From the data that follows, set down exactly the lines from the one with "Andrew Wiggins long-time" through the one with "kangoo jumping fitness", counting both. Pictures stay out.

- [Data shown]
== Segment start ==

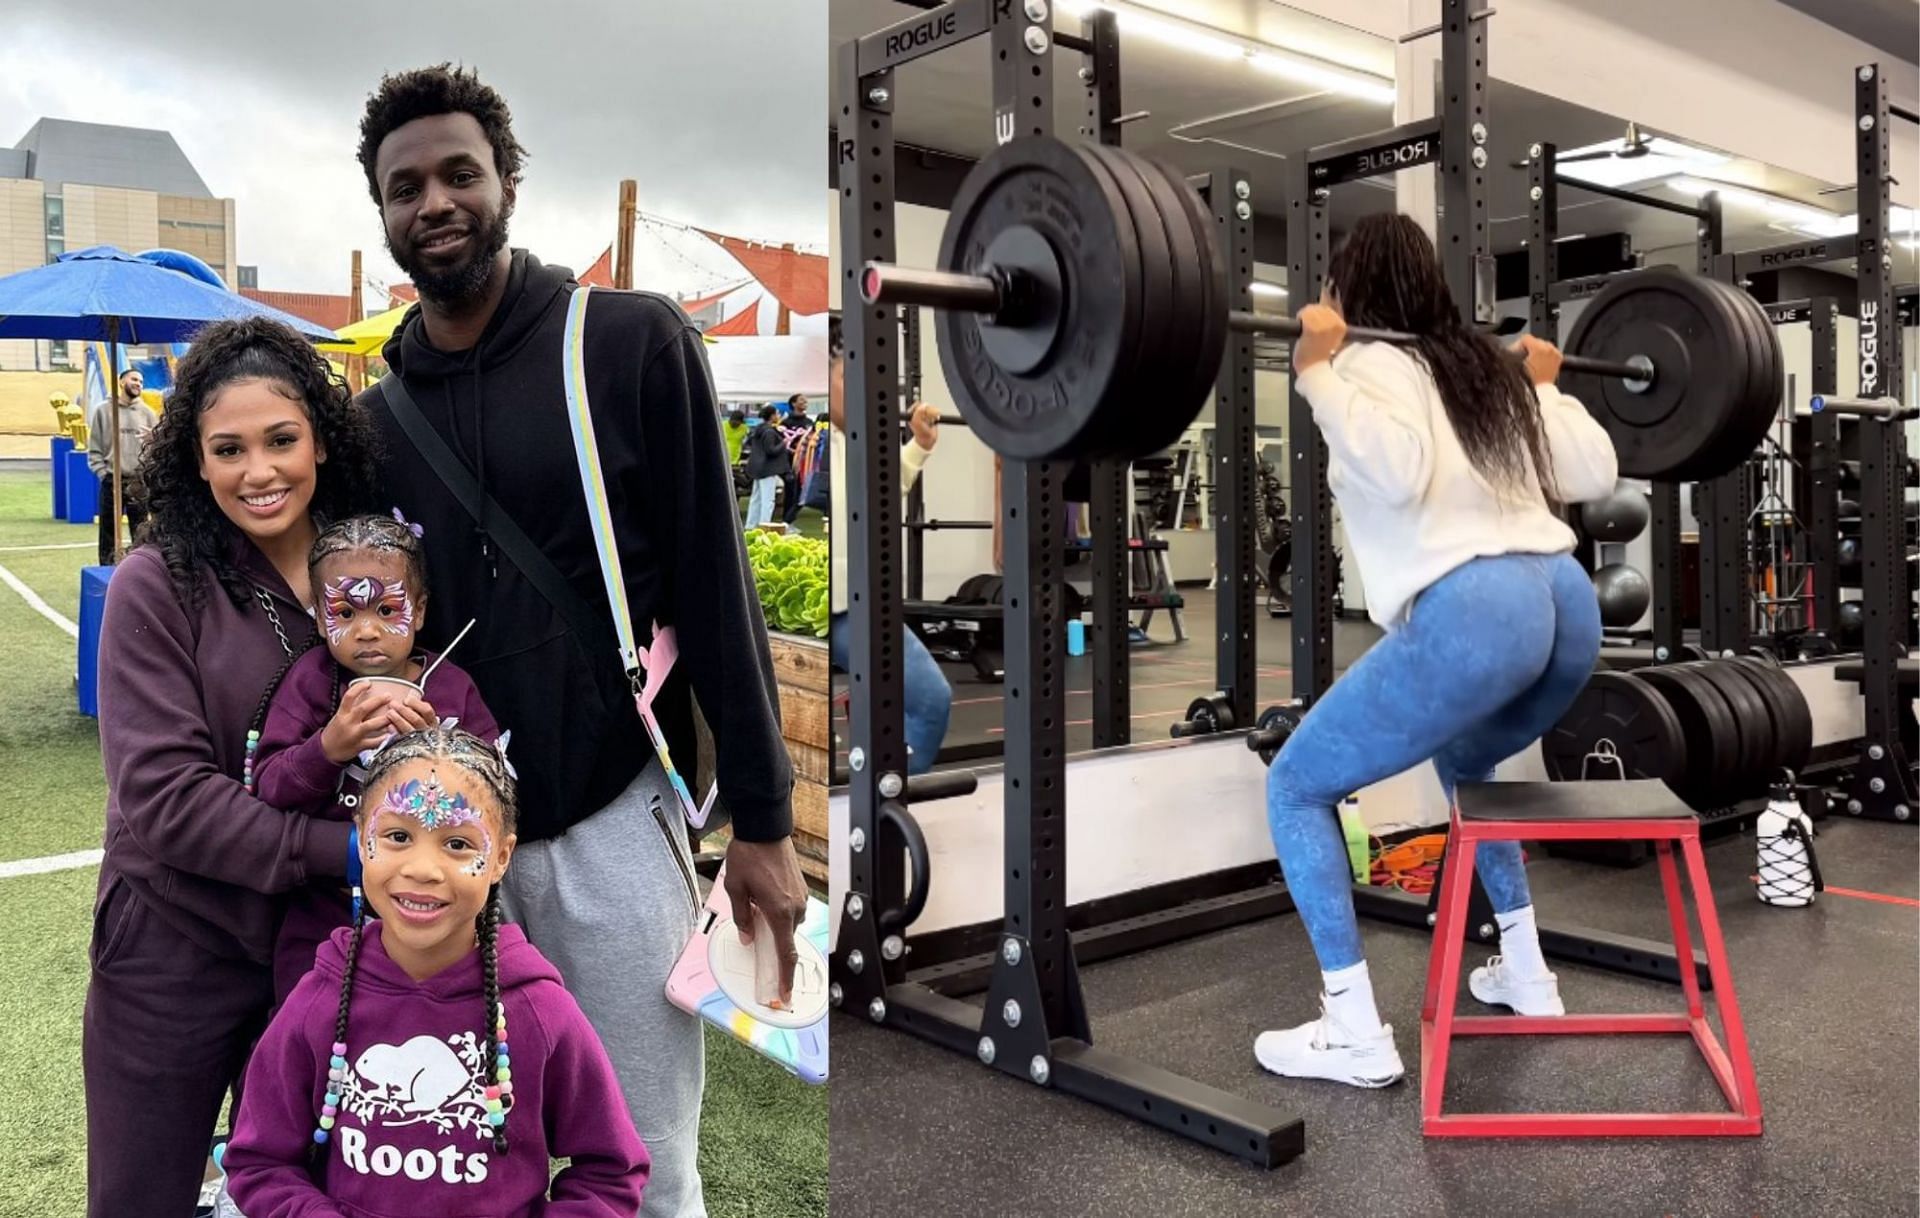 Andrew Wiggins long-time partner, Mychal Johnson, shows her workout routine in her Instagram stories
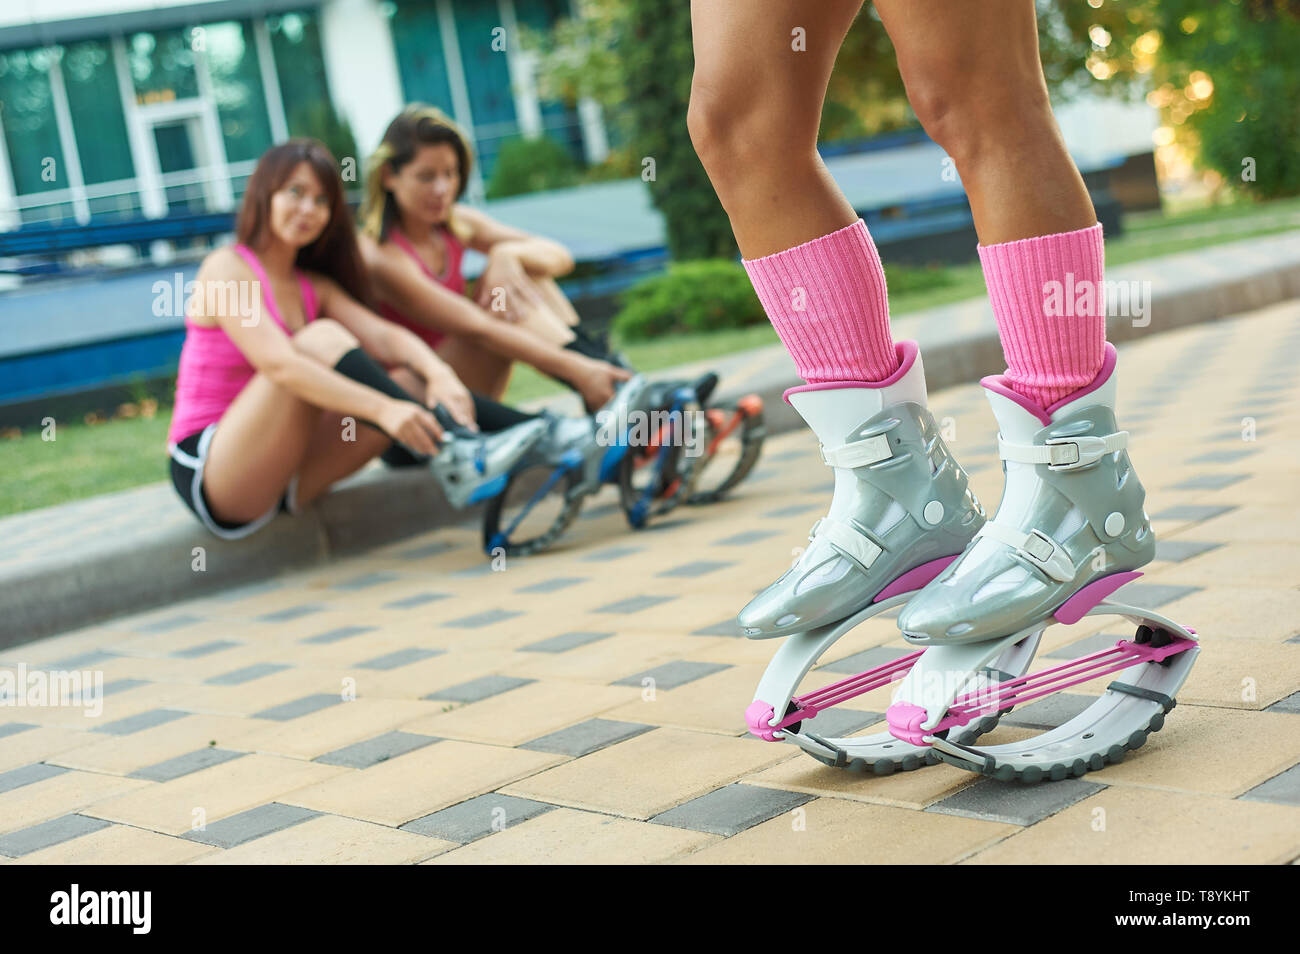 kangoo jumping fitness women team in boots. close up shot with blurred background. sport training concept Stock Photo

== Segment end ==
== Segment start ==

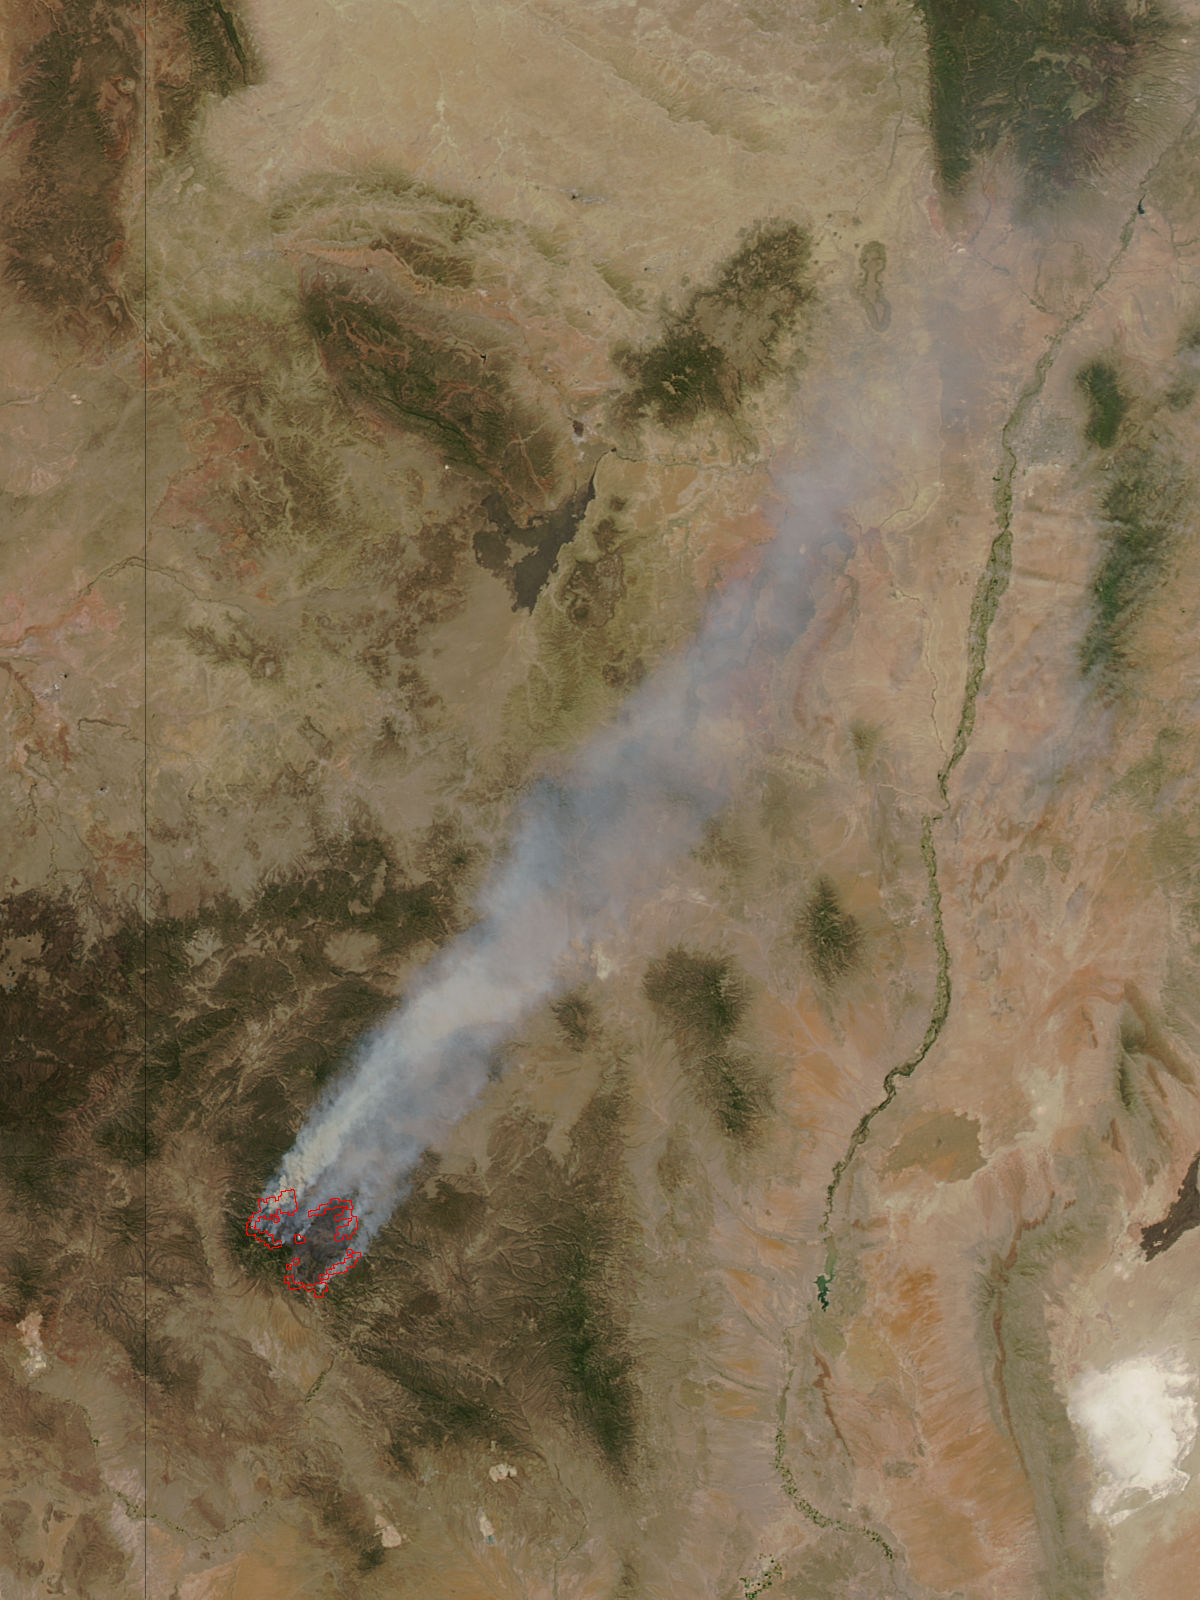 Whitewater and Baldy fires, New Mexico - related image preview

== Segment end ==

- [Solution]
 Andrew Wiggins long-time partner, Mychal Johnson, shows her workout routine in her Instagram stories
 kangoo jumping fitness women team in boots. close up shot with blurred background. sport training concept Stock Photo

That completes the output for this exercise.